Paterson, NJ [August 21, 2012] - Why do so many children from across New Jersey and around the world land at St. Joseph's Children's Hospital (SJCH), located at St. Joseph's Regional Medical Center in Paterson, New Jersey? A leading academic medical facility with board-certified physicians representing virtually every specialty and subspecialty under one roof, SJCH offers the highest level of care, through a combination of expertise and convenience unmatched by other hospitals in the region. The multidisciplinary staff, capable of performing medical miracles when children are facing life-threatening diseases or injuries, has but one goal—to help patients achieve the best possible outcomes in order to lead healthier lives in a friendly environment that feels more like a home than a hospital.
As a major teaching hospital, St. Joseph's experts collaborate through academic affiliations with other talented physicians from leading medical institutions including St. Jude Children's Research Hospital, Mt. Sinai School of Medicine, Columbia University School of Medicine, and the University of Medicine and Dentistry of New Jersey. These include a pediatric dentistry residency program in association with Seton Hall University School of Health and Medical Sciences - one of only two pediatric dentistry residency programs in the state and one of 87 programs in the nation; and the establishment of an affiliation with New York Medical College, a member of Touro College, that includes medical education and research in Pediatrics, among other specialty focuses.
Additionally, SJCH is proud to be part of the New Jersey Council of Teaching Hospitals/Council of Children's Hospitals and the Children's Oncology Group, an international collaborative of top medical facilities.

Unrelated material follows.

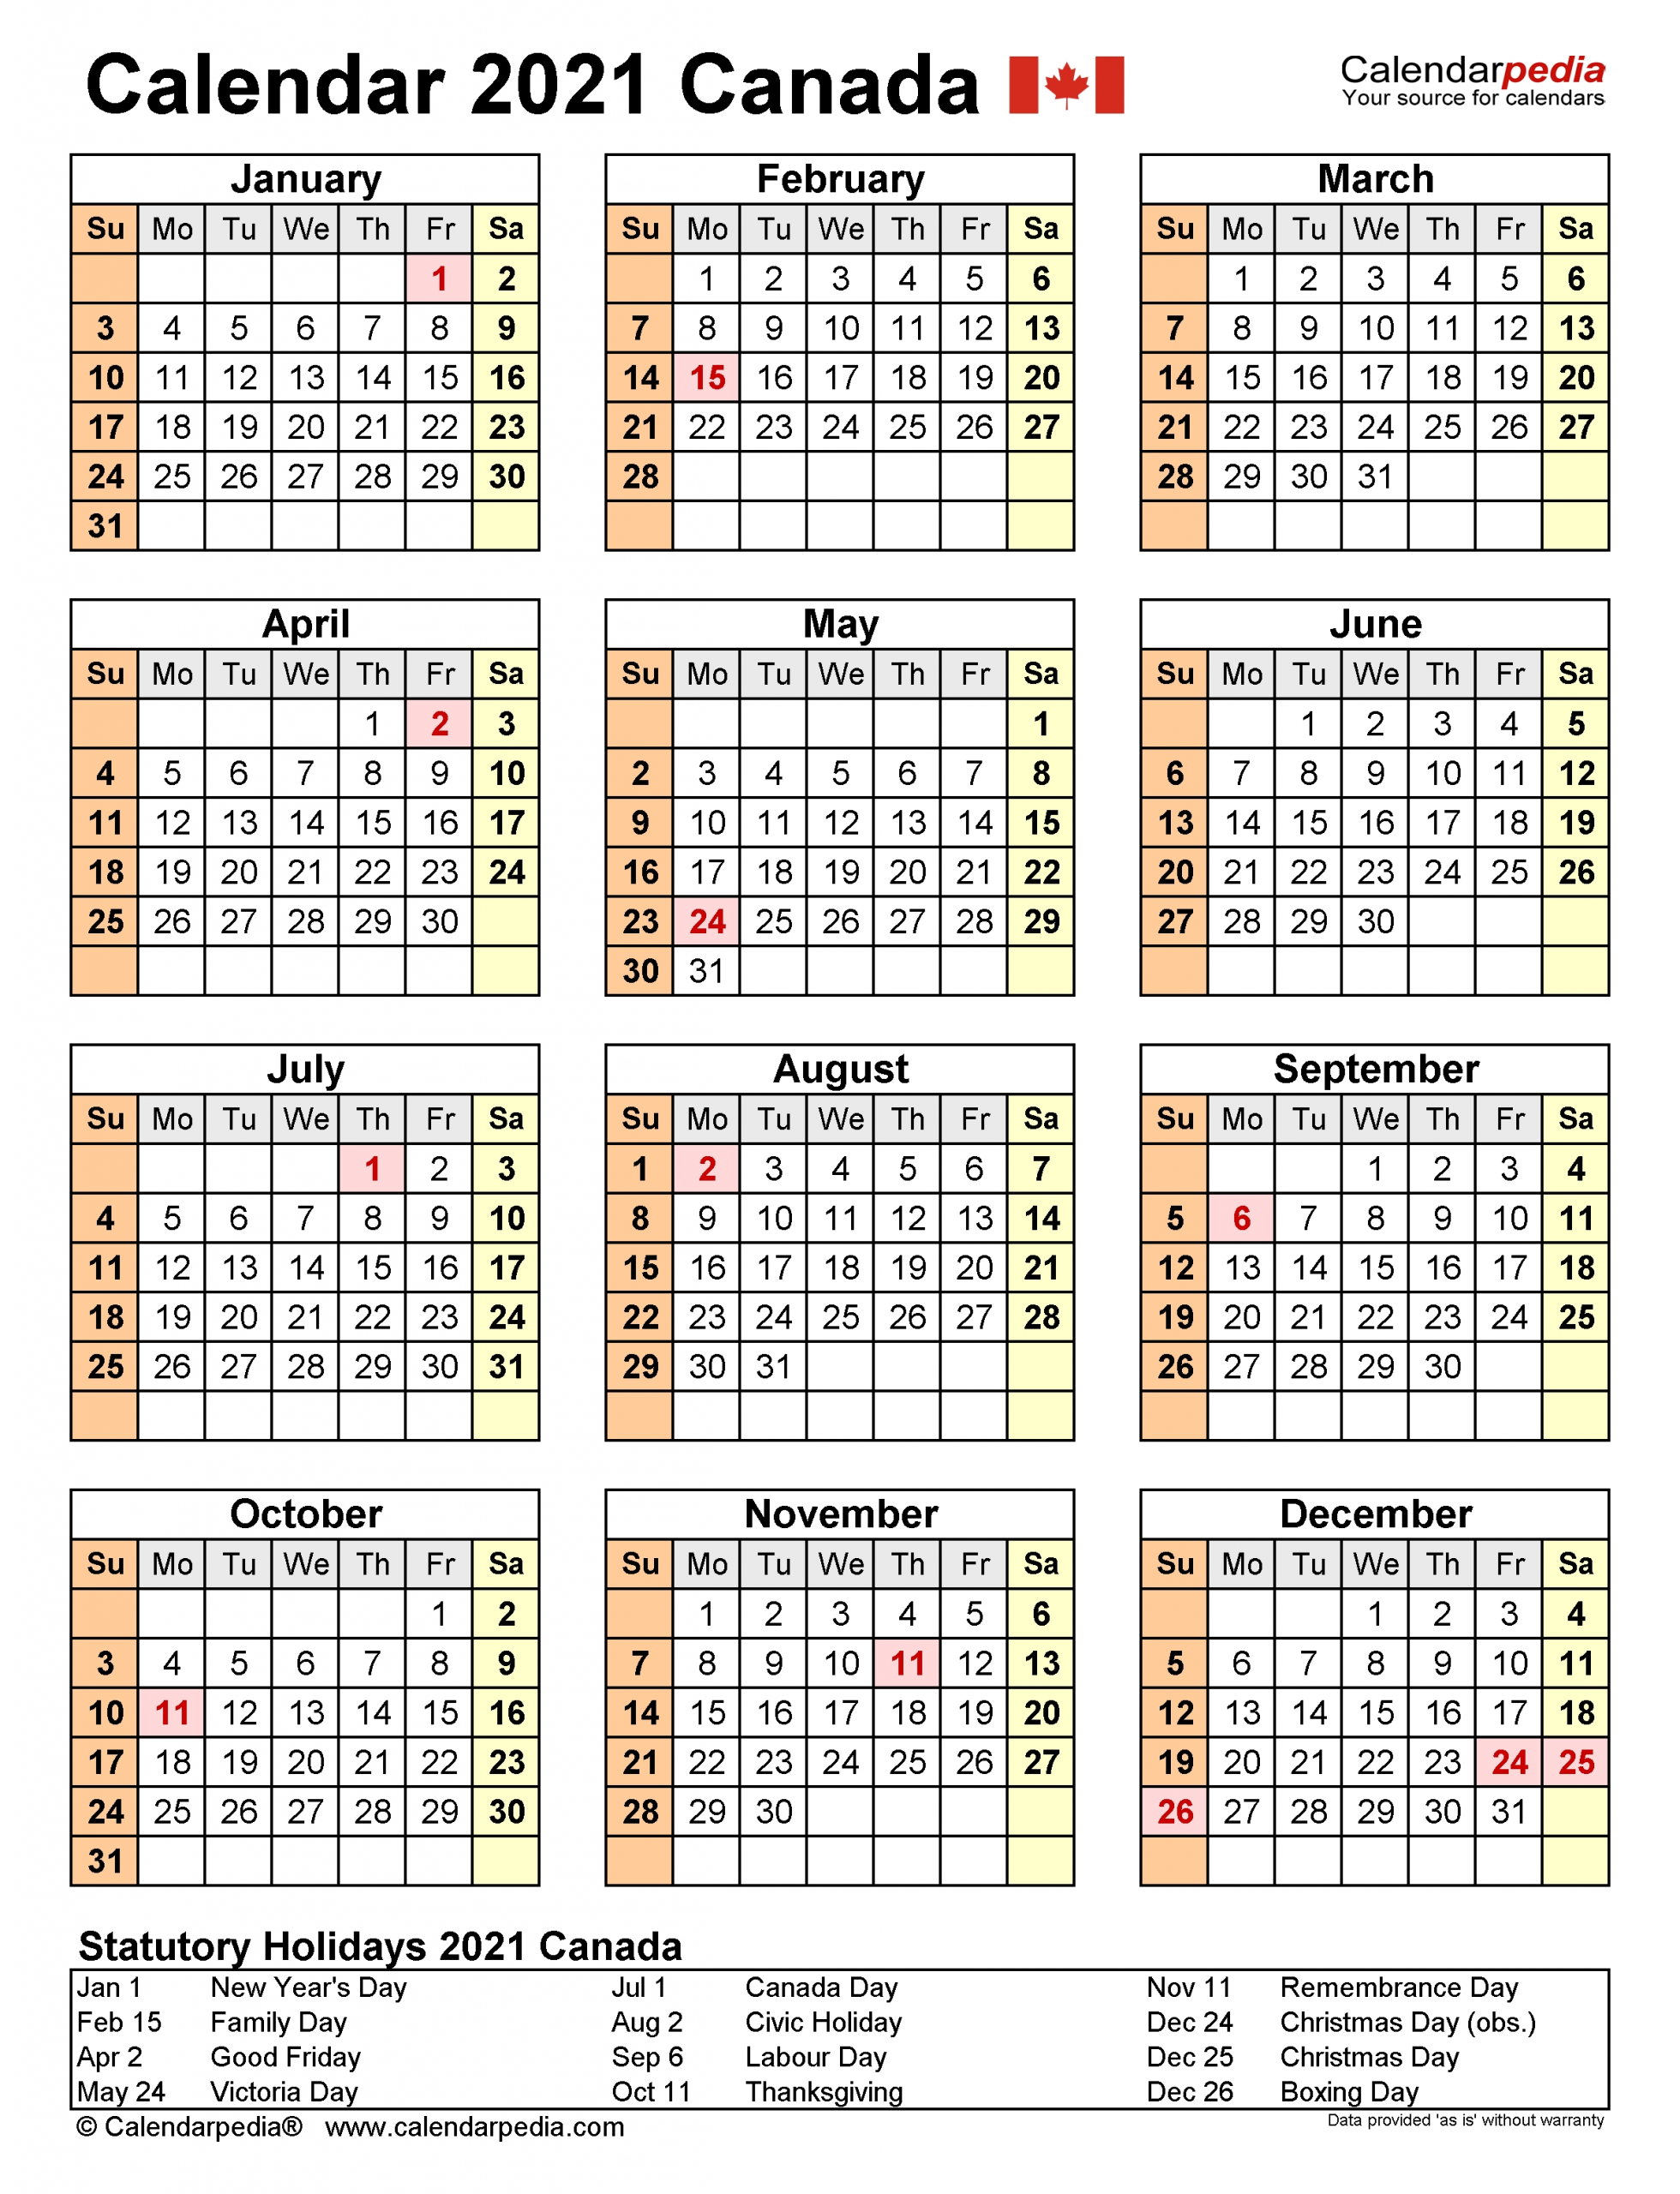 Canada Calendar 2021 - Free Printable Excel Templates-Attendance Calendars 2021

"Clinical partnerships with other high-level research institutions enable our patients to benefit from St. Joseph's wide array of leading-edge treatments, many not yet available at most other hospitals," Michael Lamacchia, MD, Chairman of Pediatrics at St. Joseph's Children's Hospital says.
SJCH is also involved in clinical trials, offering new treatment strategies for such diseases as sickle cell anemia and leukemia, two common, but often difficult-to-treat, illnesses.
St. Joseph's is equally adept at diagnosing and treating routine and obscure conditions. Care is provided by pediatric experts at multiple St. Joseph's Children's Hospital locations in Northern New Jersey and throughout the world, thanks to high definition 3-D telemedicine and video teleconferencing connectivity provided in partnership with Medical Missions for Children at SJCH. This high-tech approach enables consultations during which physicians at St. Joseph's provide expertise to distant patients' primary pediatricians during "real time" patient examinations, an innovative process that saves lives.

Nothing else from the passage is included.